In the document “Comprehensive Approach to People with T2DM” prepared by the Diabetes Knowledge Area of the Spanish Society of Endocrinology and Nutrition (SEEN), insulin use is recommended when the combination of lifestyle changes (including weight loss with medical-surgical therapy) and non-insulin therapies fails to achieve the individualized control goal (26). Likewise, as mentioned earlier, insulin will be the treatment of choice for patients with T2DM during pregnancy, in patients with intercurrent diseases, or in steroid treatment causing marked hyperglycemia, or in those in whom, due to circumstances (renal or hepatic insufficiency, adverse effects, etc.), the use of non-insulin drugs is contraindicated.

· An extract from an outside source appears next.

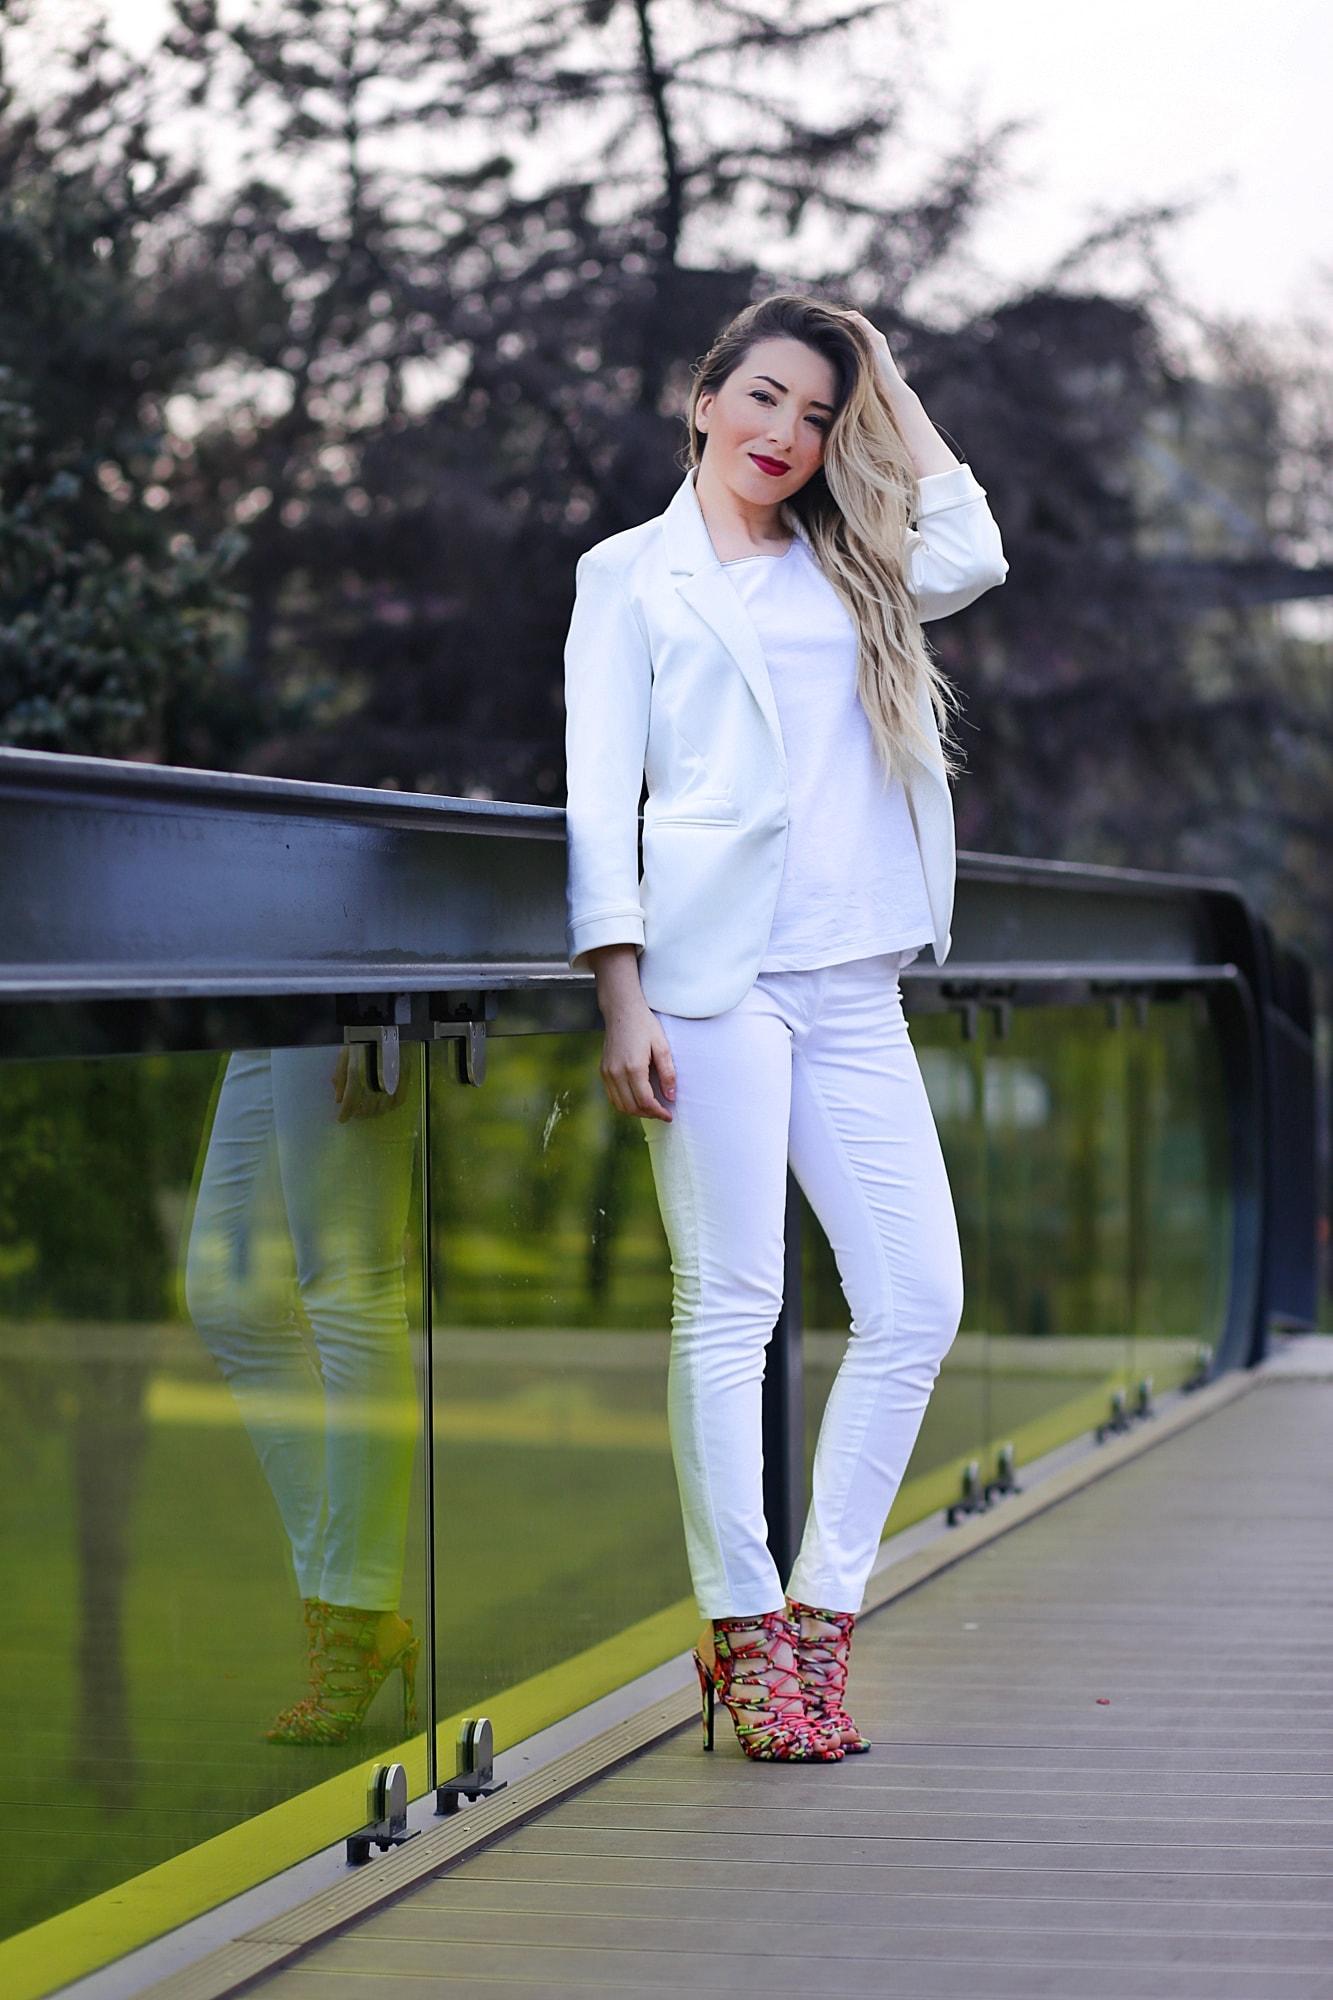 Andreea Ristea - tinuta de primavara totul alb cu sandale colorate cu toc by amiclubwear
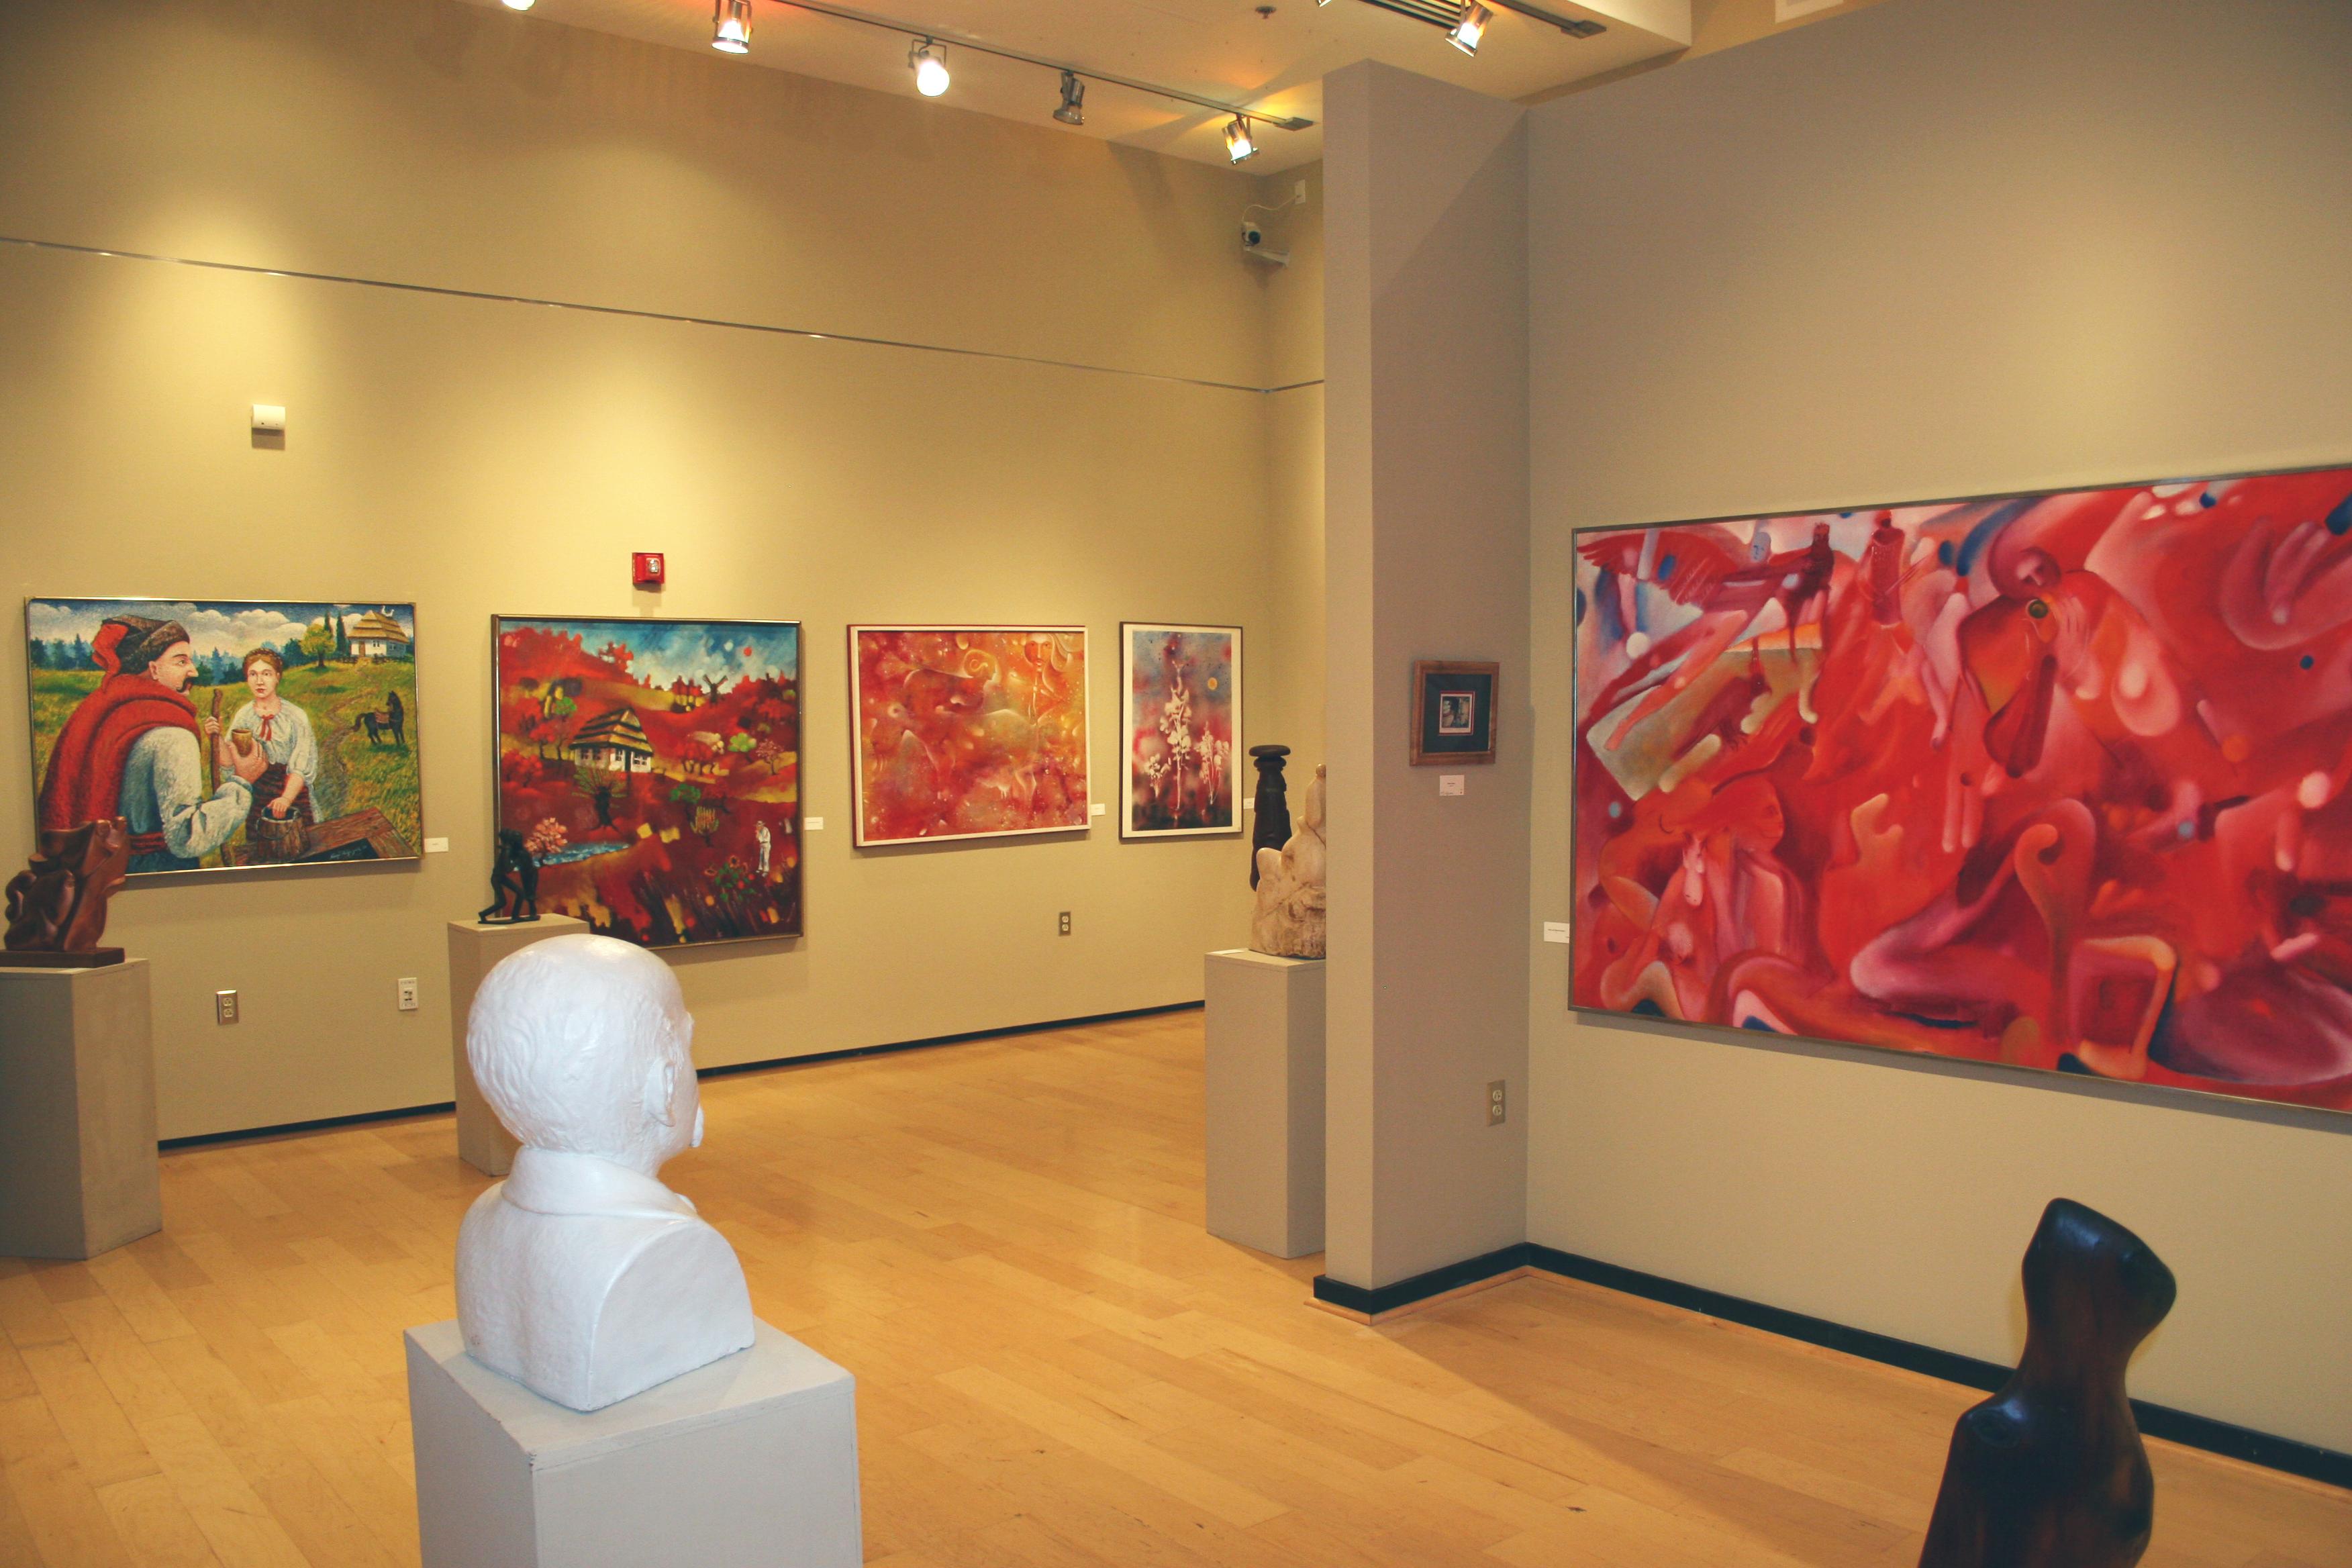 art galleries exhibits

Once the decision to introduce insulin treatment has been made, basal insulin is the most suitable option. The decision to maintain other antidiabetic drugs should be assessed individually, considering that they may provide better control and reduce insulin requirements, which is associated with less weight gain. In the “Consensus on Insulin Treatment in T2DM” published by the Consensus and Clinical Guidelines Working Group of the Spanish Society of Diabetes (SED), it is recommended to continue treatment with metformin, dipeptidyl peptidase-4 inhibitors (DPP-4 inhibitors), GLP-1 RAs, and/or sodium-glucose cotransporter-2 inhibitors (SGLT-2 inhibitors) and consider stopping or reducing sulfonylurea/meglitinide treatment to decrease the risk of hypoglycemia and pioglitazone due to the increased risk of heart failure associated with this combination (5).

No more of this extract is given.